The Modern Creation Story American Soccer Didn’t Know It Had
By the late 1980s, U.S. soccer had solidified its reputation as a global laughingstock, a sporting oxymoron akin to Jamaican bobsledding:
Starting in 1950, the richest, most powerful nation on Earth had gone 0 for 9 trying to qualify for the World Cup.
Once the North American Soccer League petered out, U.S. sporting culture proved unable/unwilling to replace it.
Soccer on TV? Post-1984, only the odd indoor match might be found there - late at night, on content-starved cable outlets, after competitive lumberjacking.
Today, the phenomenon of U.S. soccer development is almost taken for granted:
Live matches from Major League Soccer and a half-dozen foreign leagues are routinely beamed into American households, seven days a week. World Cup participation is routine, thanks to wildly popular men’s and women’s national teams. Americans don’t just compete in World Cups. We host them (the next one arrives in 2026). Nationwide, millions of Soccer Moms preside over the game’s grassroots, securing its growing place in the broader cultural tableau.

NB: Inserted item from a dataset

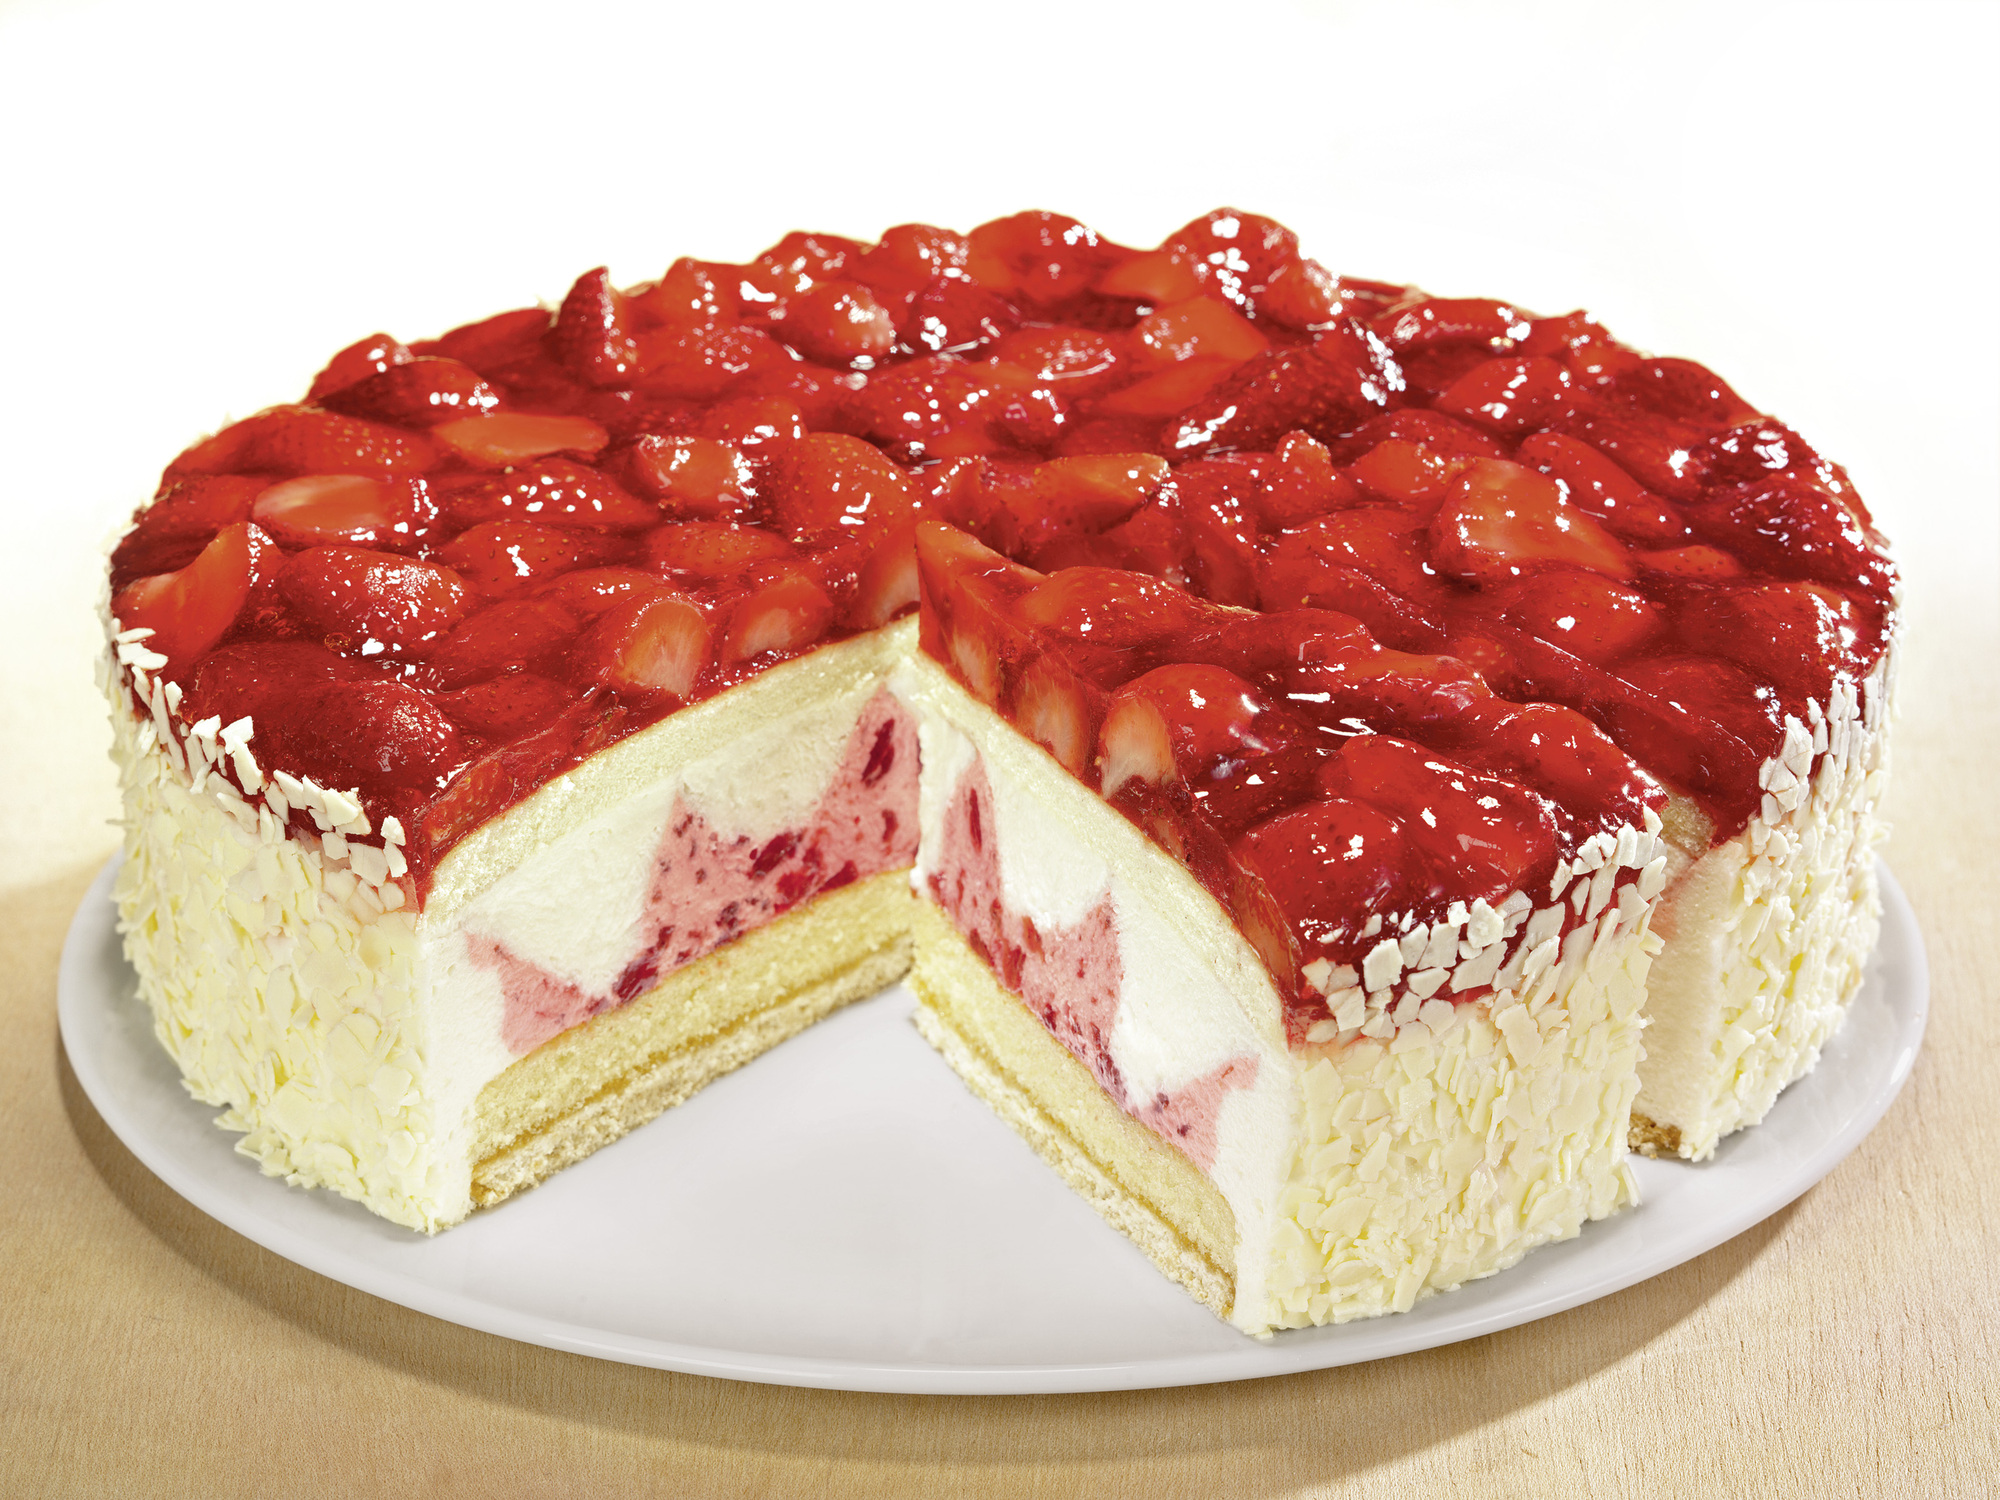 Erdbeer-Buttermilch-Torte 2900g

Generation Zero profiles this epic transformation by spotlighting the national team players and fans who made it happen. Conventional wisdom assigns American soccer progress largely to an event, World Cup ‘94, but history shows the tipping point arrived five years earlier. With a single victory - against all odds, on a small Caribbean island, just as the Berlin Wall fell - soccer’s haphazard, indeterminate development in the U.S. instantly became inevitable, headlong growth. Raised on the game and tempered by hardship, Generation Zero produced both ends of the formative equation: a national team good enough to break through and an audience that would care, the country’s first legitimate soccer fan base.
Featuring rare imagery from the 1989-90 U.S. Men’s National Team photographer and candid snaps from the players themselves, Generation Zero is must-read for anyone who appreciates the fulsome futbol culture we enjoy today but wonders, How did we get here?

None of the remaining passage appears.